Energy retrofit and conservation of built heritage using multi-objective optimization : demonstration on a medieval building

Energy retrofit of historic buildings is a complex activity, which requires a multidisciplinary approach. Interventions should limit energy consumption, consider users’ comfort and preserve cultural and aesthetic values. While the impacts of interventions on energy performance and comfort can be quantified in advance using simulation software, conservation aspects are less tangible. In this paper we propose a method to identify retrofit strategies that are optimal from an energy, comfort and conservation point of view. The first step is to choose a set of interventions and conservation aspects to consider. This requires a multidisciplinary team of experts. Next, quantitative metrics for assessing energy performance, comfort and conservation are defined. Through a multi‐objective optimization, the combinations of interventions that yield the best tradeoffs among these objectives are found.

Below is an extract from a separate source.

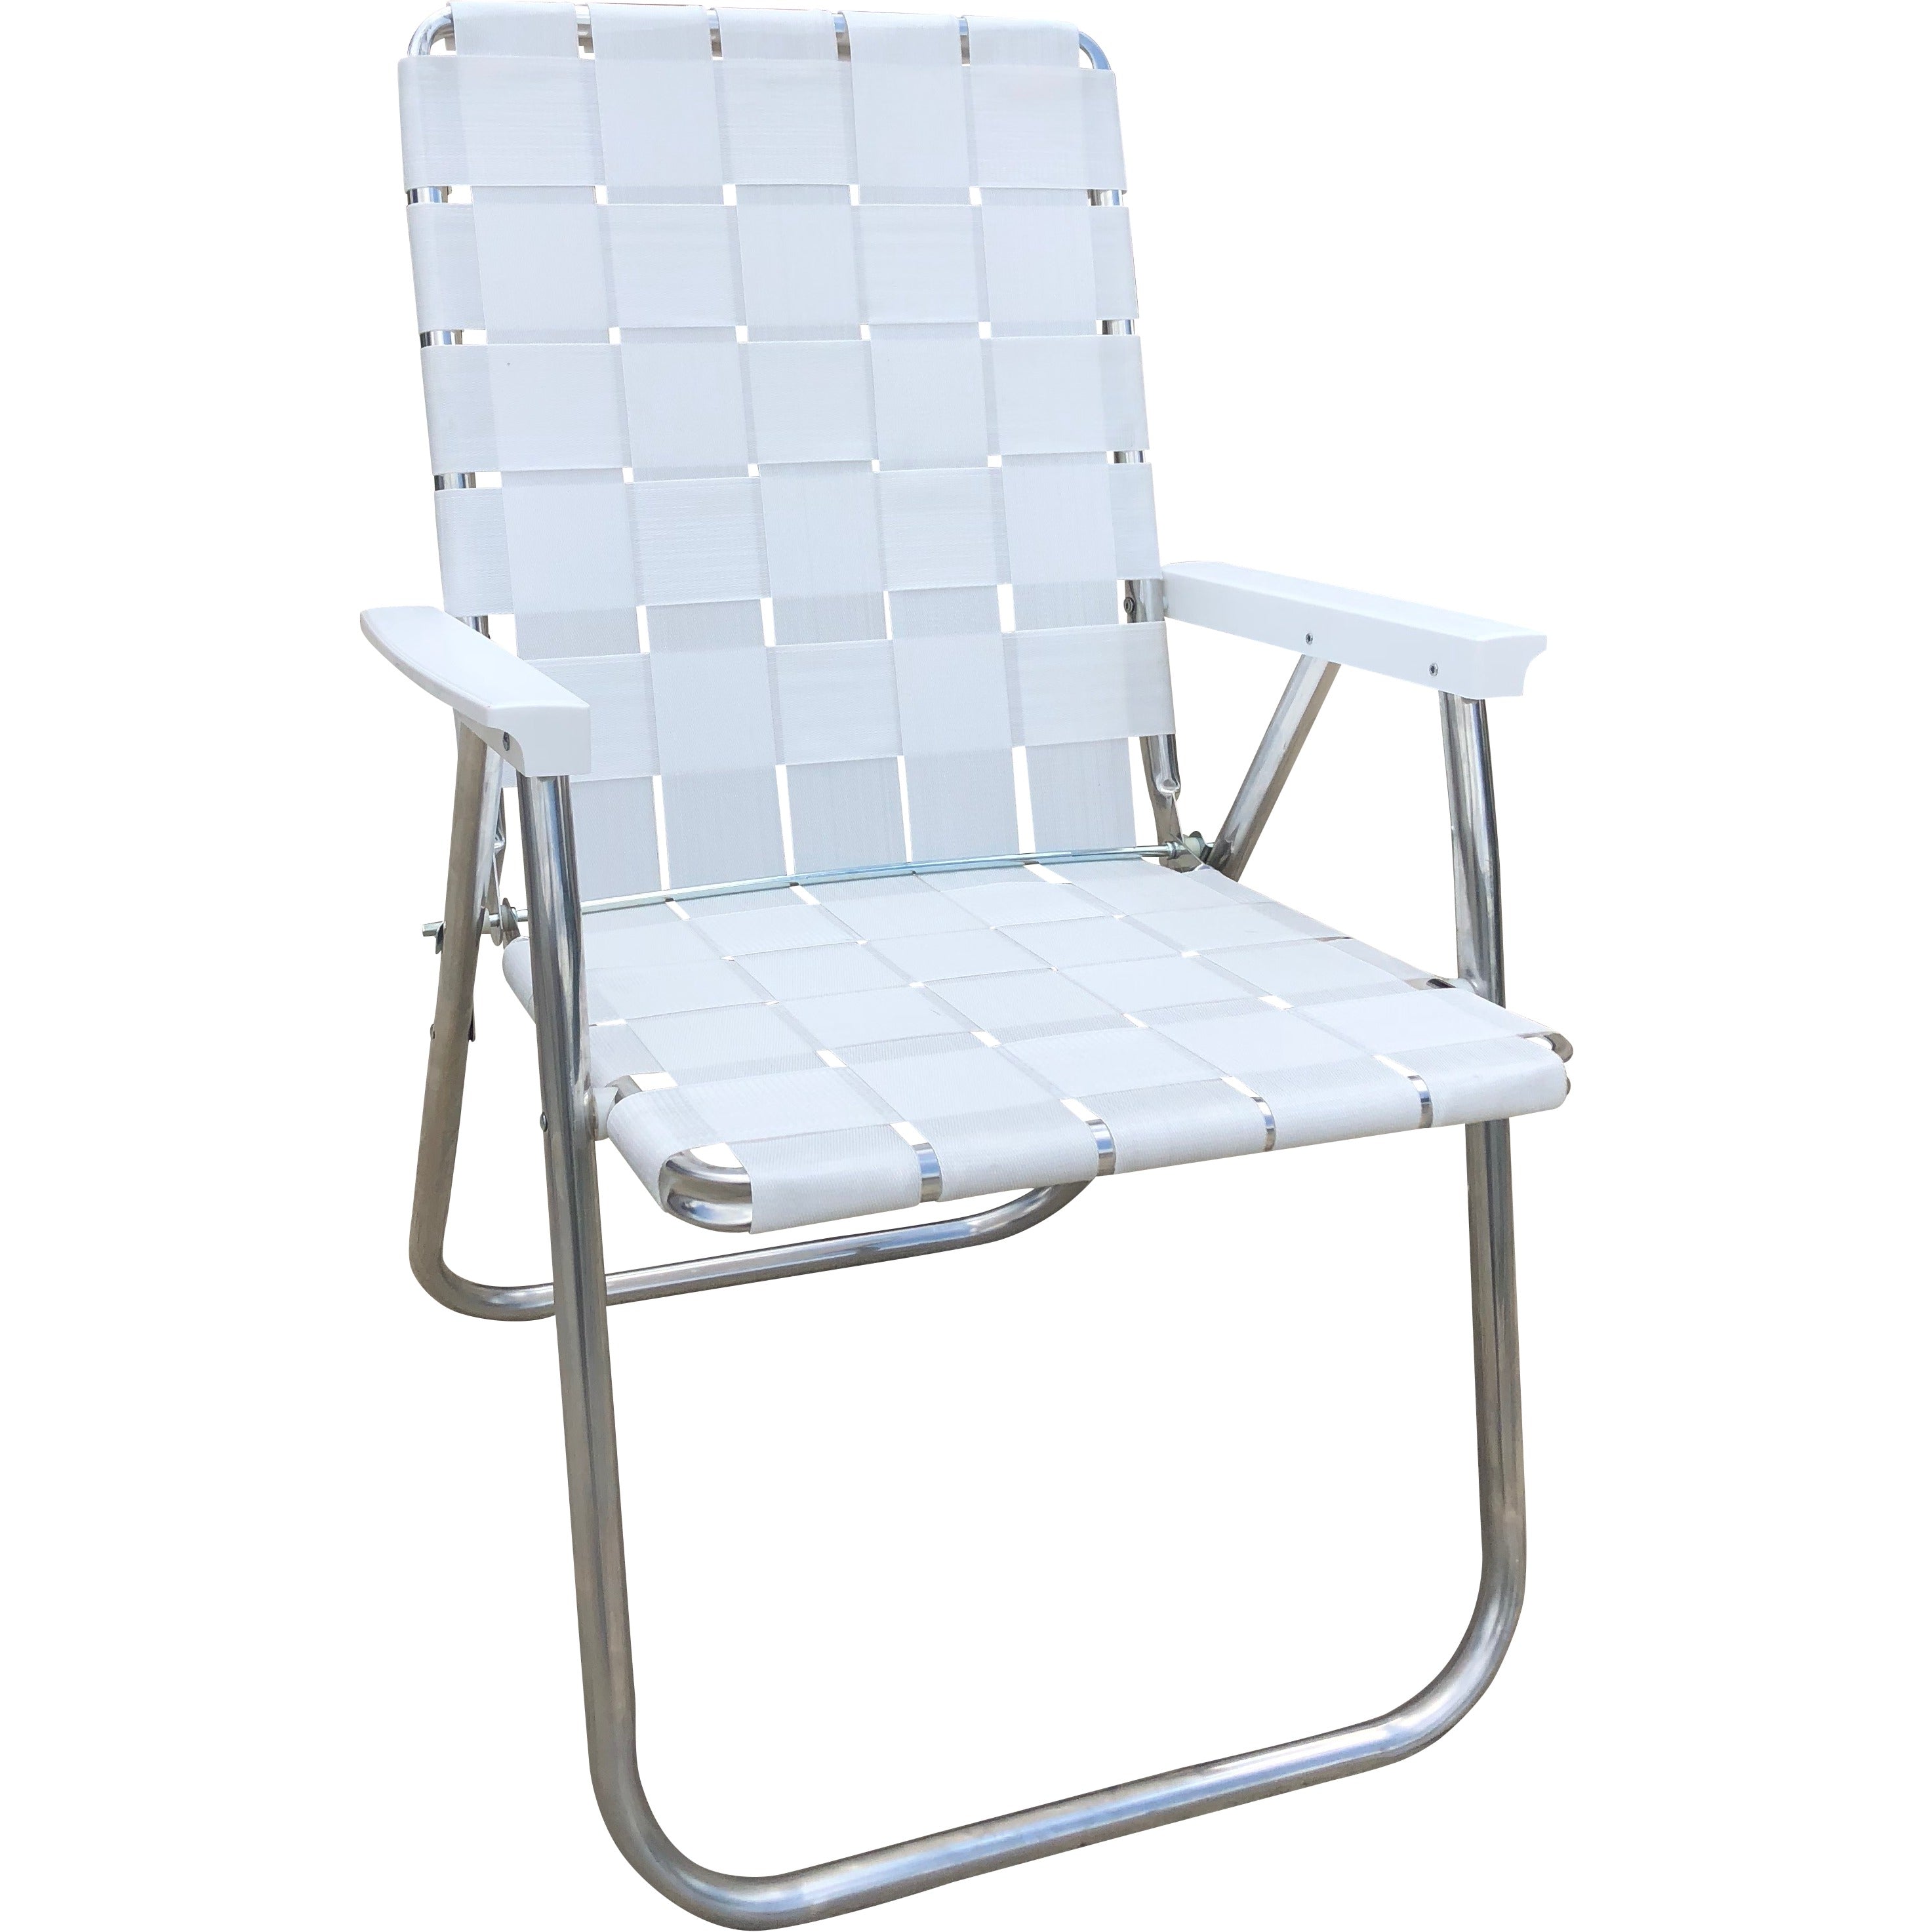 Bright White Classic Chair Lawn Chair USA Aluminum Folding

We demonstrate the method on a calibrated EnergyPlus model of the “Waaghaus” (weigh house), a medieval building in Bolzano located in the north of Italy. The aim is to transform this currently vacant building into a cultural center. We considered the following interventions: external and internal envelope insulation with varying materials and thicknesses, airtightness improvements, replacement of windows and summer ventilation availability. Conservation aspects taken into account were visual, physical and spatial impact of the interventions on the building’s heritage significance. We selected the hourly sum of all sensible and latent ideal loads for heating and cooling over a year as energy performance metric. All internal loads were modelled according to the planned future use of the building. We assigned a score to each intervention equal to the number of conservation aspects met. The yearly average of the absolute values of the predicted mean vote was used as a proxy for comfort. We performed the multi‐ objective optimization with the C code NSGA‐II, which implements a genetic algorithm based on non‐dominated sorting. As a result we obtained solutions with an absolute mean PMV of 0.5, an annual ideal load for heating and cooling of 20 kWh/m2 and a good level of conservation.